Pressing forward: we discovered Chez Loury on the Rue Fortia in the Vieux Port. It was cozy as all get out, seated as we were, in the back with only a few tables--even though one of them was filled with a drawling horde of somewhat unsettling Texans with a penchant for cell phones.
But we were there for the bouillabaisse, and we had it in spades. Now I can't say that I particularly liked it, although it wasn't the fault of the restaurant, just a matter of personal taste. I ordered the traditional version which came out in three exhaustive (and repetitive) courses. First out was the Soupe de Poisson (fish broth), which I very much enjoyed, with a fine taste summoned from a foreign shore enlivened by a classic rouille (saffron mayo) on a floating crouton. Then the broth resurfaced with the fish in it (Saint Pierre, rascasse, baudroie); afterwards, more fish (vive, galinette, fielas) without the broth. Baby ordered the more conservative version, a single dish of Bouillabaisse du Ravi.
I had always thought bouillabaisse was close to paella, indeed is served similarly in the States. True bouillabaisse (well, don't throw that phrase around a Frenchman) isn't outfitted with salmon or shrimp as I saw on a New York menu just the other day. It really just features cheap fish. Julia Child's recipe for Bouillabaisse a la Marseilles (Meditteranean Fish Chowder from The Twenty-third show) does encourage shellfish such as lobster or crab for color, but otherwise leans toward lean fish, "of the best and freshest-smelling quality" such as cod, grouper, perch, or haddock.

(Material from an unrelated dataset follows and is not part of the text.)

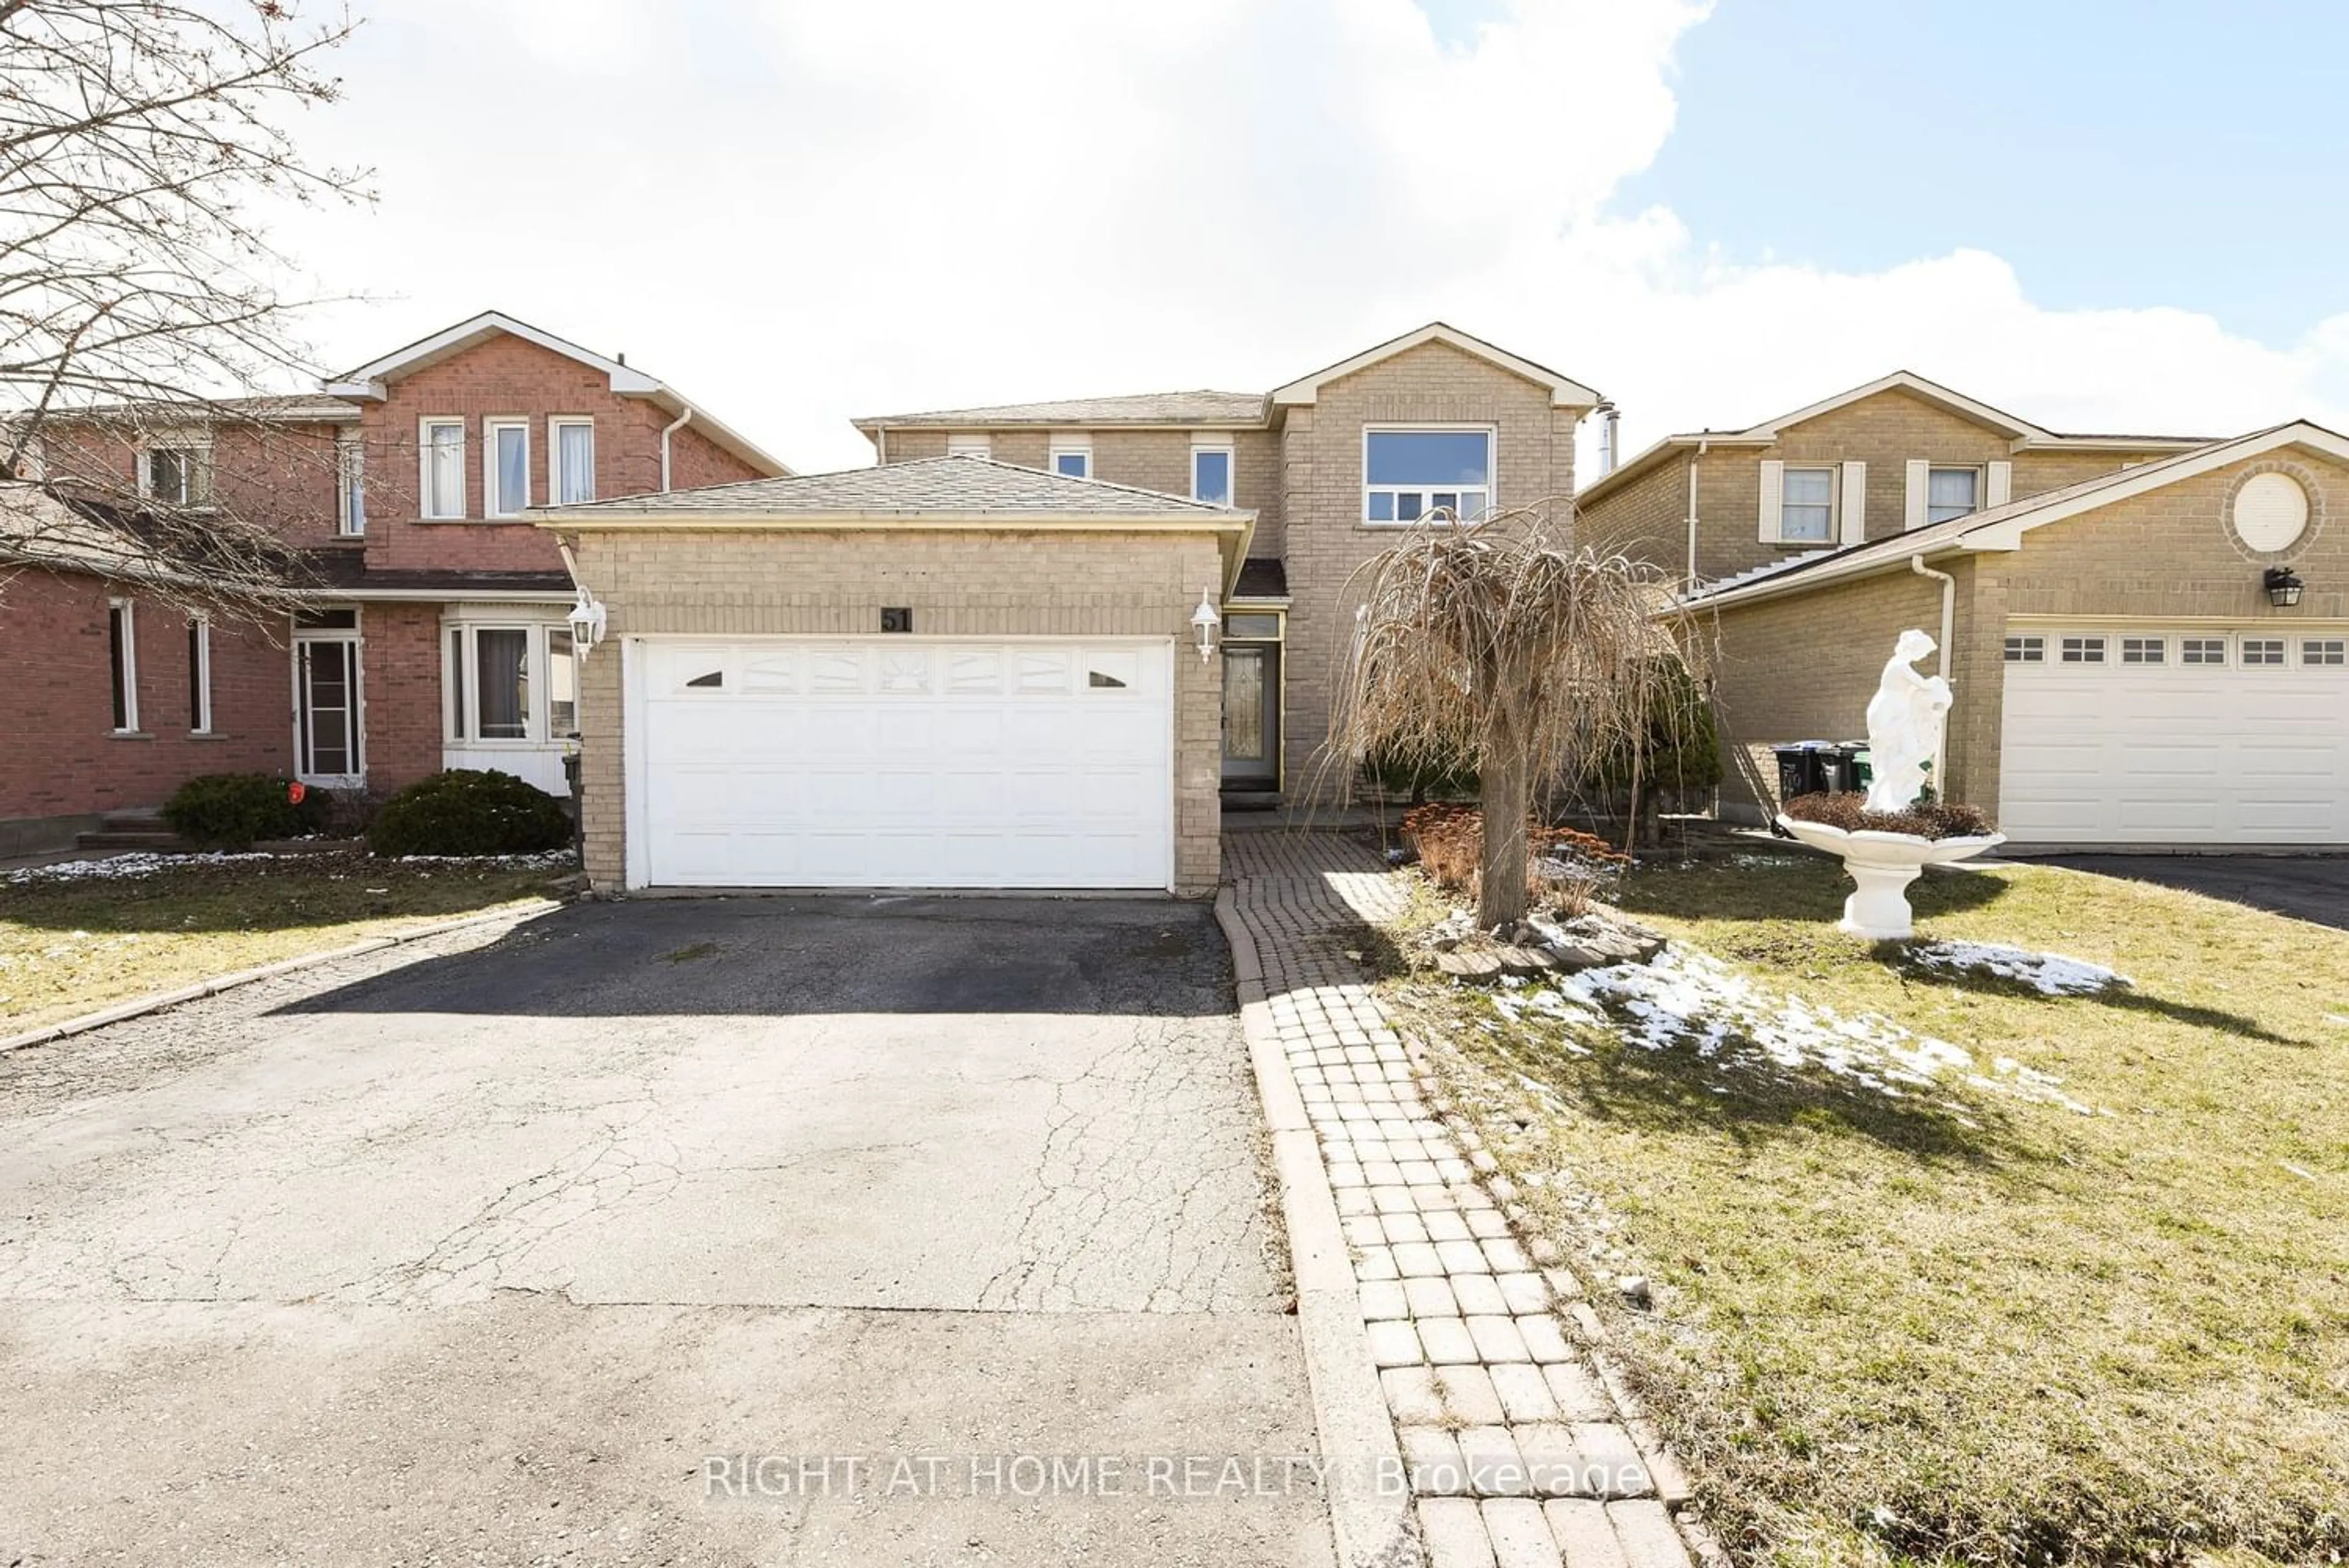 Frontside or backside of a home for 51 Cherrytree Dr, Brampton Ontario L6Y 3P6
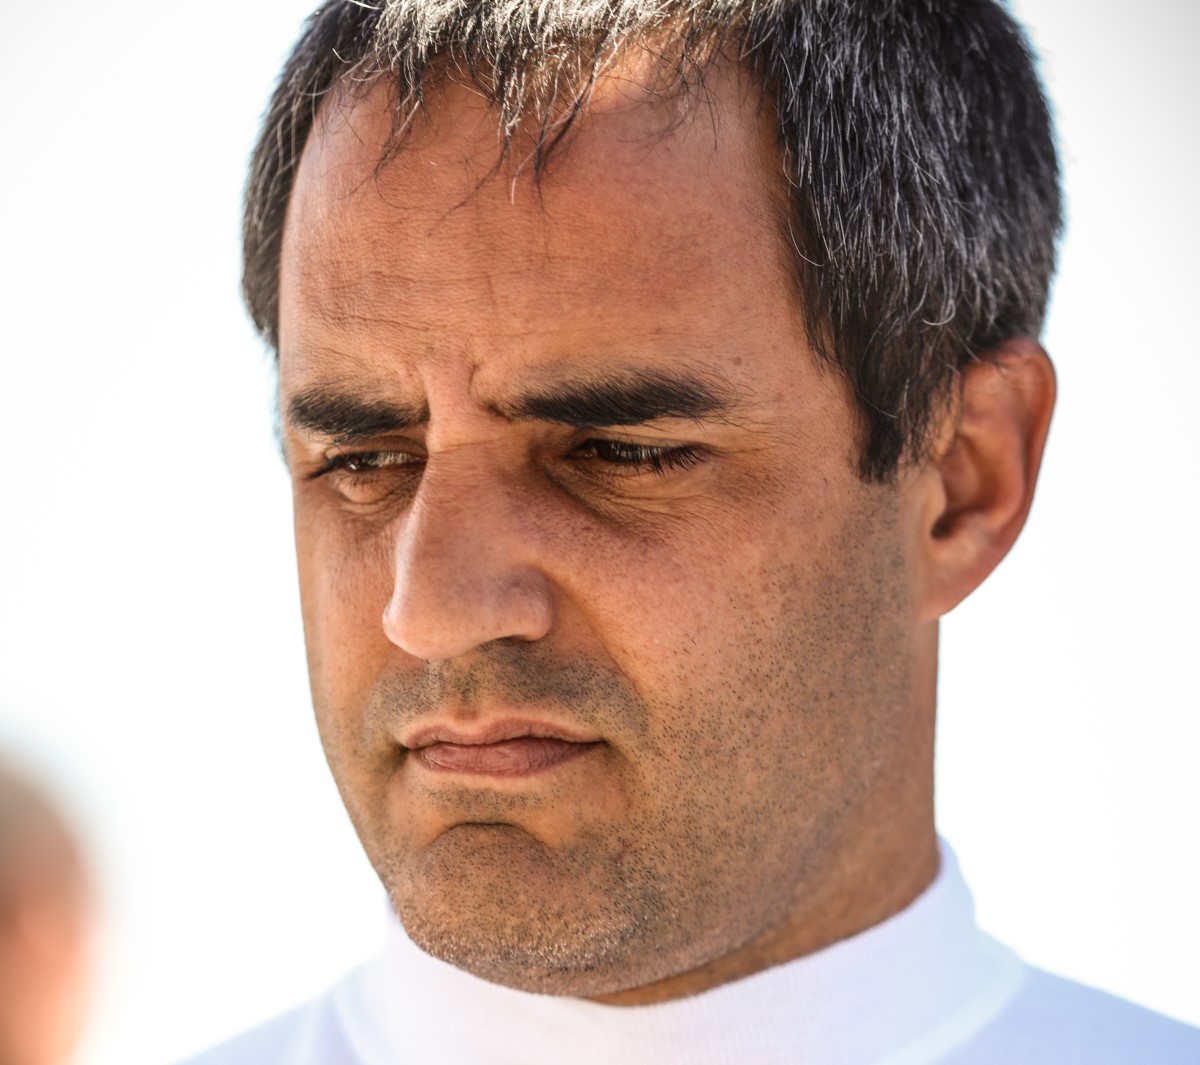 Juan Montoya says one car has always dominated in F1. Why? Because F1 is an engineering endeavor and the cars is 99.9% of the equation, the driver a mere 0.01%

The real treat we had in marveilleux Marseilles was up the rue apiece from Chez Loury at Toinou where we settled down to a wondrous tray of les huitres! Divine oysters!
From the French coast resting on the Atlantic ocean between Nantes and Bordeaux, our pousses en claires were hefty beauties that were a perfect storm of everything an oyster should be, at once briny, creamy, and utterly delicious.
Consider the oyster, indeed, as we did!